# Mr11 And Mr16 Led Bulbs



## thegamwellsmythes (Jul 29, 2008)

Some advice required please.

I've just bought some LED bulbs to swap for the old halogens in our motorhome.

It would seem that I am an idiot though as I have ordered MR11's instead of the MR16's that we need.

I'm sure I can get a swap from Aten but to save the effort can a MR11 be used in a MR16 light fitting? I know they are smaller in diameter but is that the only difference?

We keep our m/h in storage 20 mins away behind inumerable locked gates so I don't even know if the pins are the same arrangement at the moment.

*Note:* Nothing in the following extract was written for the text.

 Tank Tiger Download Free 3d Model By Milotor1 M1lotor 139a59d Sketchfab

Just thought I'd ask the MHF boffins if there was any reason why we couldn't use them anyway?

Thanks for any advice.

Paul and Jane (Paul being the moron)


----------



## rosalan (Aug 24, 2009)

As LED's are a bit more expensive, it may be worthwhile taking out a bulb and spending a little time talking to an LED sales person about what you want.
There are different colours and intensity, some better for reading others for background light.
I have in the past visited stands at Motorhome shows and received invaluable advice, including having them fit LED strips into my larger light units.
For me, there is no question that they are worth the effort in changing from Halogen or tungsten.
Alan


----------



## thegamwellsmythes (Jul 29, 2008)

I agree that it might be an idea to have a chat with a supplier first but I had to buy them online.

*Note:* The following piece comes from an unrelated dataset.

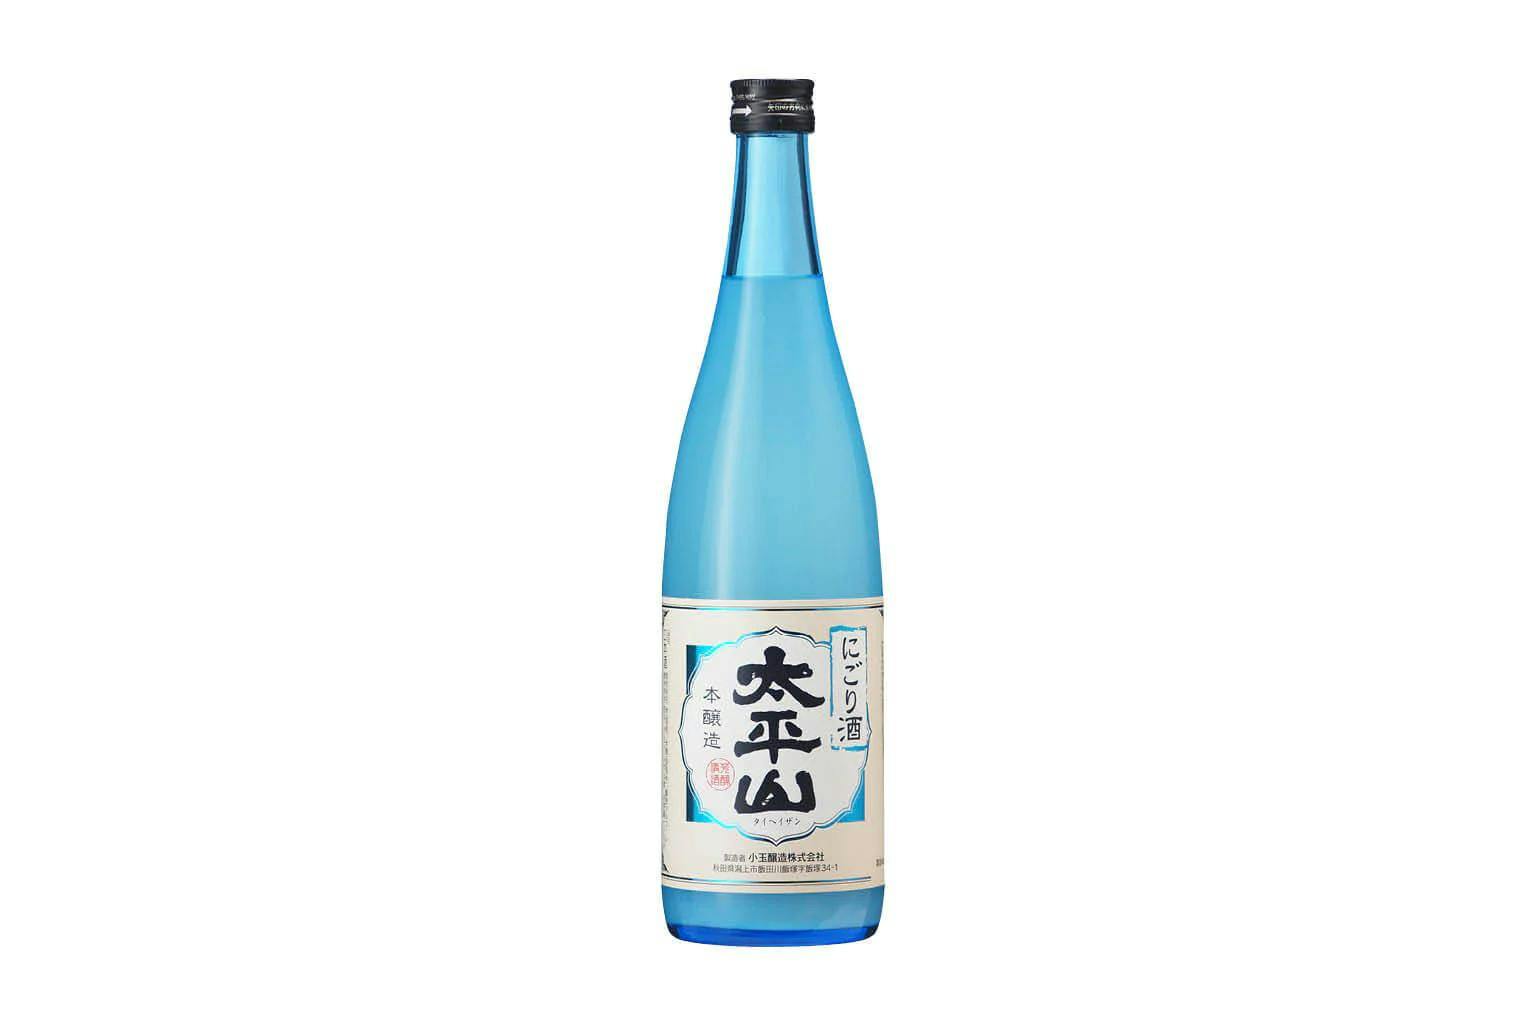 A bottle of Honjozo

My problem is that I now have the bulbs and need to know if an MR11 can be used in a MR16 light fitting. As I bought MR11's instead of the MR16's that I should have bought.

If not I'll send them back and get the MR16's.


----------



## rosalan (Aug 24, 2009)

If they are compatible with vehicles 12v supply then the only difference between the type no's are the fittings (little legs); some push twist, some have thick legs etc or so I believe.
Alan


----------



## thegamwellsmythes (Jul 29, 2008)

Ta for the info.

I think I'll compare the bulbs and see if they have the same leg size. If they are the same I'll have a go and see if they work I suppose.

My real concern was whether I would cause an electrical problem by using them. Wouldn't want something to overheat etc.


----------



## Ozzyjohn (Sep 3, 2007)

Hi,

It may be worth making a phone call to the suppliers to ask their advice...


Regards,
John


----------



## thegamwellsmythes (Jul 29, 2008)

Hi,

Yes, I've sent them an email but thought I'd ask the massive collective brain that is the MHF community while I wait for an answer.

I'll post their response anyway just in case any one else is as dim as me in the future.


----------



## gaspode (May 9, 2005)

Electrically the MR11 and MR16 will be identical but pysically the MR11 is smaller, the pin spacing is less and the pin diameter is less. To put it in a nutshell, they won't fit unless you change the holder. Don't try to force them in, you'll break the glass encapsulation.

Speak to Saul at Aten Lighting, I'm sure he'll swap them without a fuss.


----------



## thegamwellsmythes (Jul 29, 2008)

Ta for the info about the pin spacing etc.

I haven't got one of our MR16s to compare the MR11s to so wasn't sure if they were the same.

I'm sure Aten will sort me out.


----------



## rosalan (Aug 24, 2009)

Even when you get the right LED's, depending on the type of halogen you are replacing, they can be difficult.
In my case the Halogen had two pins back centre. The LED to replace them was a disc shape with two pins back centre and naturally the disc was as large almost as the spotlight fitting. After many frustrating minutes I would get the pins into the socket only to find the LED dropped out on the first bump as the pins are a tad thinner than the Halogen pins. I read somewhere that a blob of blue tack on the back works; and it did. These were M16's
I finally discovered that a very large pair of tweezers would hold the LED for fitting.
Alan


----------



## thegamwellsmythes (Jul 29, 2008)

Alan,

Thanks for that, I wouldn't have thought of the blue tack option.

I've had a very helpful response from Aten who are digging me out of my self dug hole.

We're doing a swap for MR16's and I'm paying the small difference.

The information is all on the website, I just missed it, being a dimwit.

Very good service.

Thanks for all of the advice everyone.


----------